Cover Sadhguru photographed in Tennessee on June 30, 2021 by Tamara Reynolds

Take everything you think you know about karma, and throw it away. World-famous yogi Sadhguru tells us where the world went wrong and how we can fix it, starting with ourselves

In 2020, during the pandemic, 63-year-old modern mystic Sadhguru rode his motorcycle across America, covering over 20 states and over 10,000 miles to explore the country’s deep and complicated spiritual legacy.

Travelling over sacred lands, including the Navajo and Hopi lands in Arizona, Utah, and New Mexico, he spent time with Native American leaders, elders and medicine men to learn about their spiritual practices and connection with the land.

Sadhguru had developed a particular interest in Indigenous cultures nearly twenty years ago, when he travelled through the US on a mission to find a new home for his non-profit spiritual organisation, Isha Foundation, which he founded in 1992 in Coimbatore, India.

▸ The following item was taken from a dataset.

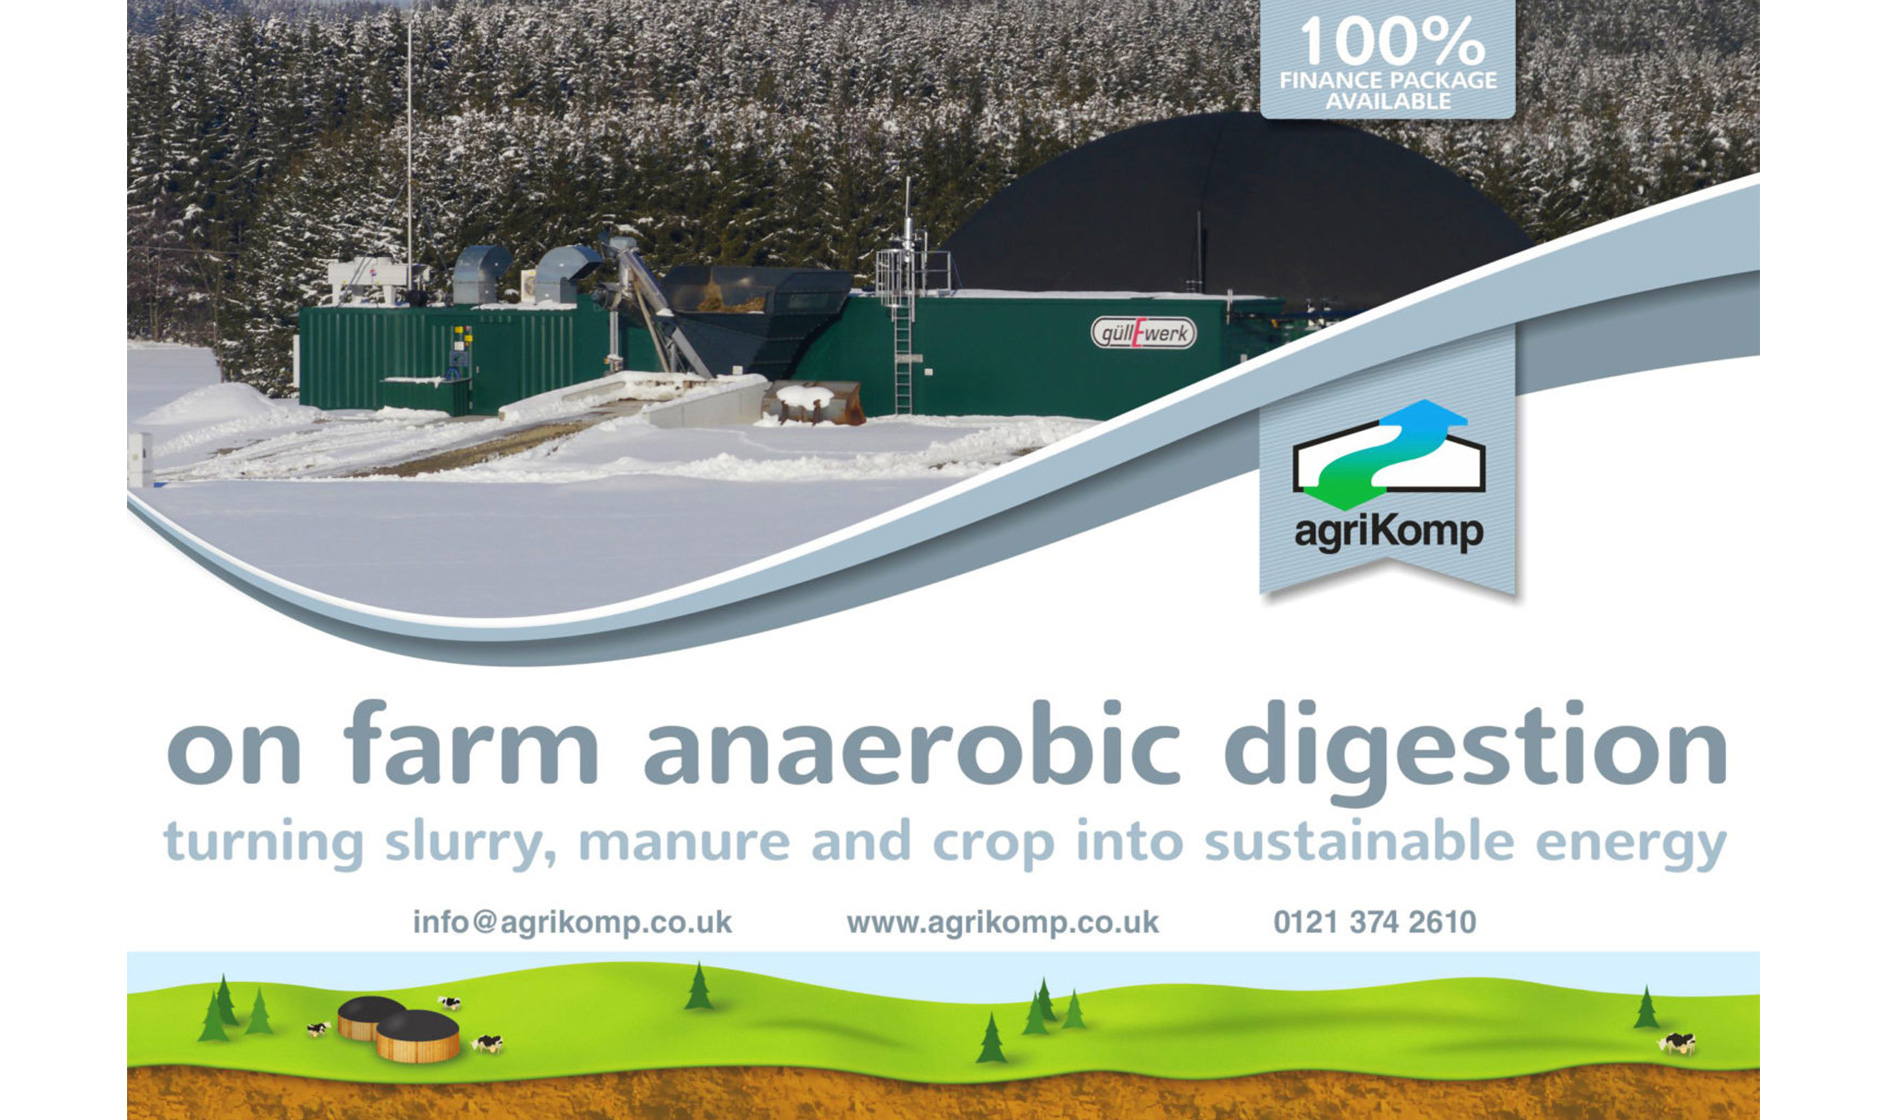 agriKomp advert

Along the way, he visited Center Hill Lake, Tennessee, where he says he encountered a “frozen Native American spirit”.

“I had never seen that kind of pain in anybody,” he recalls. “I started inquiring about the Native American people and what happened to them. Then I learnt that region is known as the Trail of Tears, where terrible events took place and thousands of Native American people were killed between 1830 and 1850.”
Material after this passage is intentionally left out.